Job type: Single point.
Method: RB3LYP
Basis set: 6-31G(D)
SCF total energy: -3142.5663410 hartrees
NMR shifts (ppm)
Atom Isotropic Rel. Shift
---------------------------------------------------
1 *C1 50.7941 138.83
2 *C4 64.1012 125.53
3 C2 63.9735 125.65
4 *C2 63.9735 125.65
5 *C3 68.6792 120.95
6 C3 68.6792 120.95
7 H2 24.8868 7.30
8 *H2 24.8868 7.30
9 *H3 24.8117 7.37
10 H3 24.8117 7.37
11 C7 63.3782 126.25
12 F1 273.5747 -93.43
13 F2 248.4779 -68.34
14 F3 273.5747 -93.43
15 Br1 2066.9469
re.finditer#
We started with re.findall here for simplicity, but an alternative which will give you more information about your matches is to use re.finditer. In this case, a iterable will be returned to you rather than a string. You can then iterate through the results with a for loop. A lot more information is provided about the matches.

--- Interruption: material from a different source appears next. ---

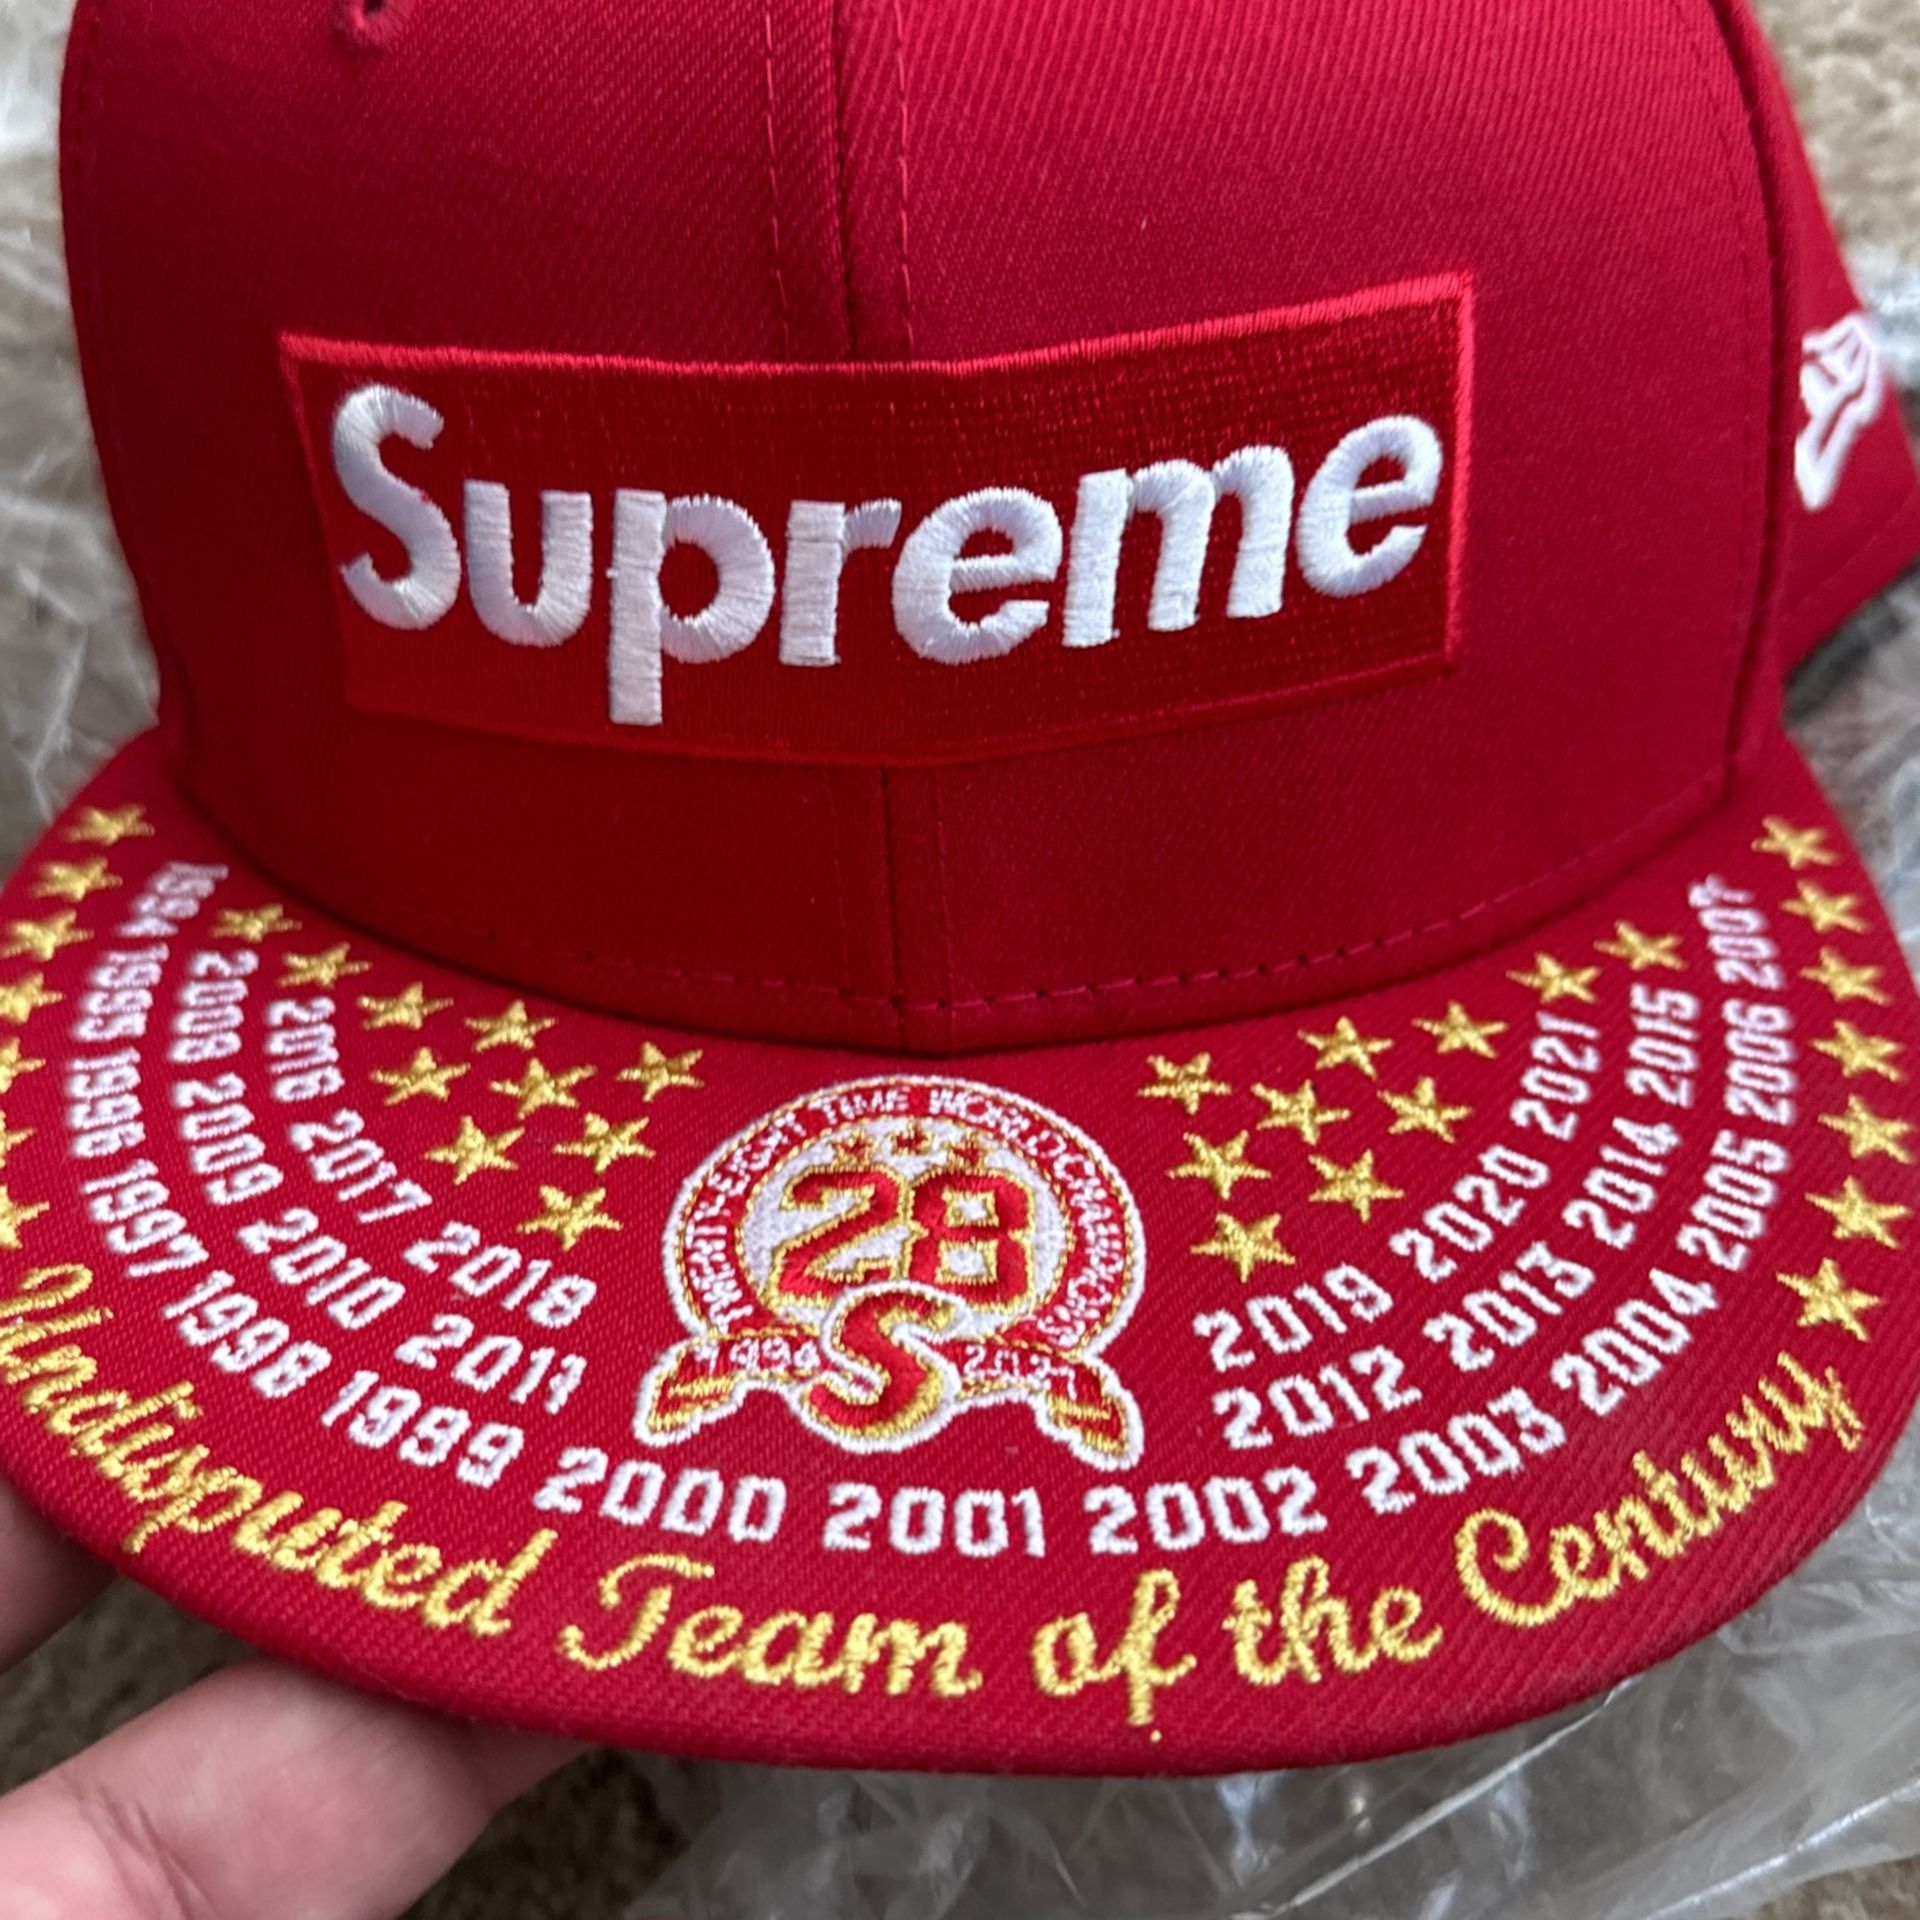 Supreme 28 Hat Ultra Rare Need Money Selling Cheap

pattern = re.compile("(?=(<step \d>(.+?)<step \d>))", re.DOTALL)
matches = pattern.finditer(data)
for match in matches:
print(f"Match span is {match.span(2)}")
print(match.group(2))
Match span is (1125, 1195)
Job type: Frequency calculation.
Method: RB3LYP
Basis set: 6-31G(D)
Match span is (1203, 2043)
Job type: Single point.
Method: RB3LYP
Basis set: 6-31G(D)
SCF total energy: -3142.5663410 hartrees
NMR shifts (ppm)
Atom Isotropic Rel. Shift
---------------------------------------------------
1 *C1 50.7941 138.83
2 *C4 64.1012 125.53
3 C2 63.9735 125.65
4 *C2 63.9735 125.65
5 *C3 68.6792 120.95
6 C3 68.6792 120.95
7 H2 24.8868 7.30
8 *H2 24.8868 7.30
9 *H3 24.8117 7.37
10 H3 24.8117 7.37
11 C7 63.3782 126.25
12 F1 273.5747 -93.43
13 F2 248.4779 -68.34
14 F3 273.5747 -93.43
15 Br1 2066.9469
Regular expressions take practice, but they are worth learning a bit about. It is useful to try out small regexes on online tools like pythex.